The hypocrisy extends all the way to the regional elders. Recently, Dr. Akin Fapounda, an Afenifere chieftain, delivered an incredibly cynical assessment of the current administration. He admitted plainly:

“On merit, Tinubu should hide his face from Nigeria — he has not delivered.”

Yet, in the very same breath, Fapounda warned that if an opposition coalition unseats Tinubu in 2027, it could trigger a “Rwanda-level” ethnic war between the Yoruba and the Igbo.

This is the ultimate manifestation of tribal hostage-taking. Regional elders openly acknowledge the catastrophic failure of governance, economic misery, and security collapses. Yet, they weaponize existential fear to force the local electorate into defensive compliance.
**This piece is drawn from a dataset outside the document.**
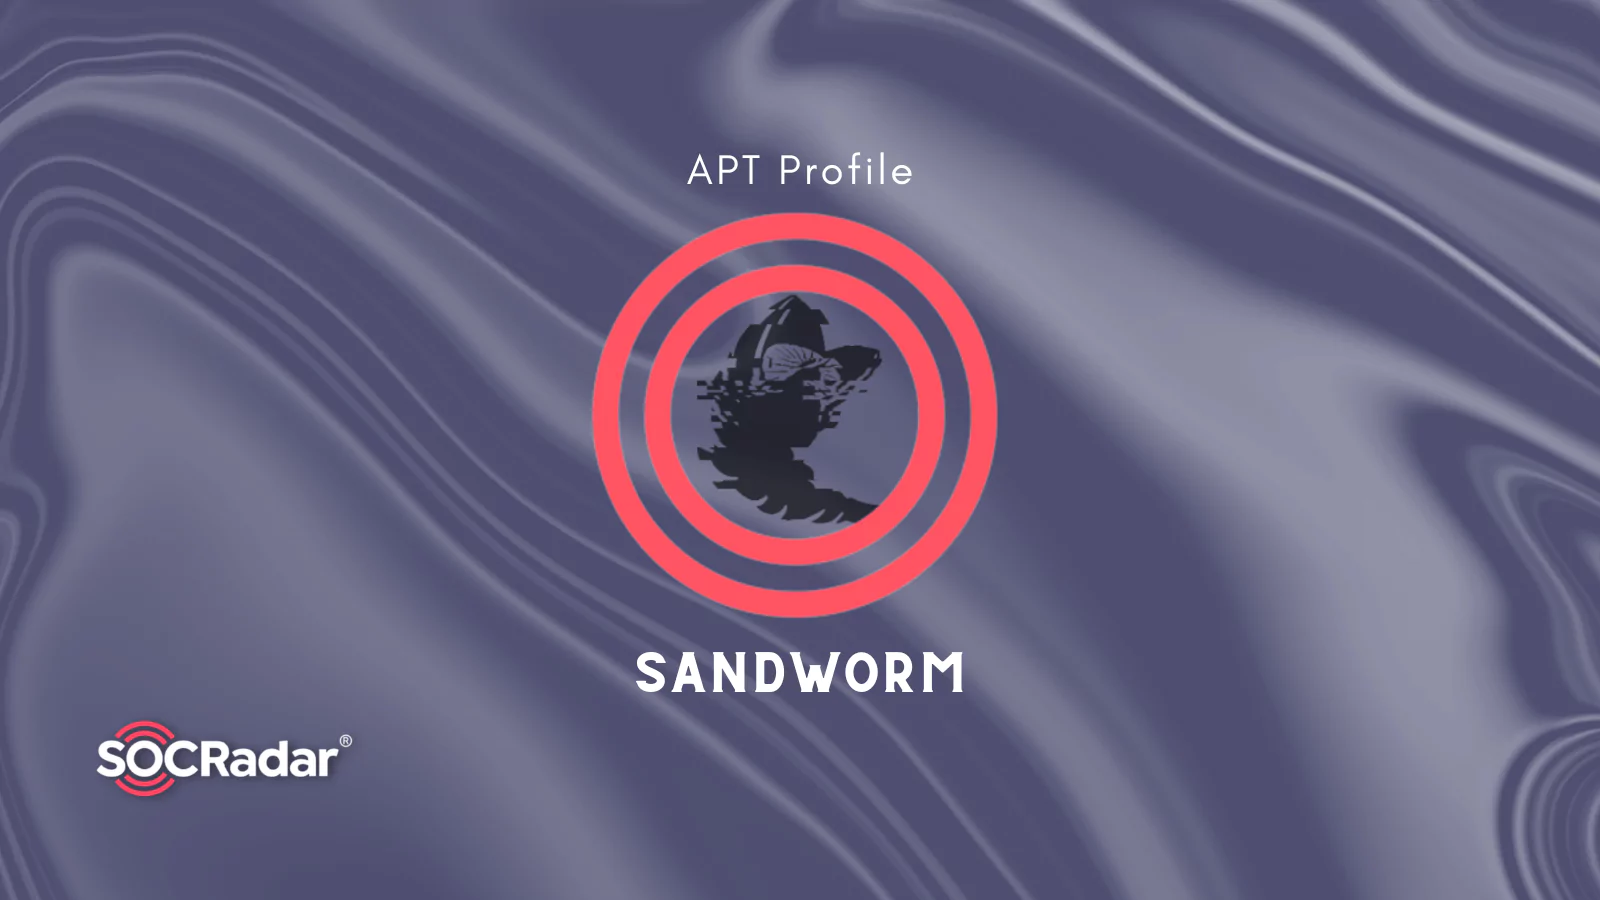 APT Profile: Sandworm - SOCRadar® Cyber Intelligence Inc.

They are effectively saying: “He may let your teachers be slaughtered, and your children be stolen, but you must keep him in power out of raw tribal self-preservation”.

Are Yoruba people the Product?

When leaders demand literal cattle to validate a tragedy, when grassroots activists trade their bows for campaign caps, and when elders trade performance metrics for ethnic scare tactics, the message is clear.

The people of the Southwest are being treated as a guaranteed, non-refundable product for the 2027 political marketplace. Every time an elite figure invokes regional solidarity while ignoring active insecurity, they are recycling the deceptive spirit of “where are the cows”. Until the electorate refuses to be the product traded for elite self-preservation, innocent citizens will continue to pay the ultimate price in the forests of the heartland.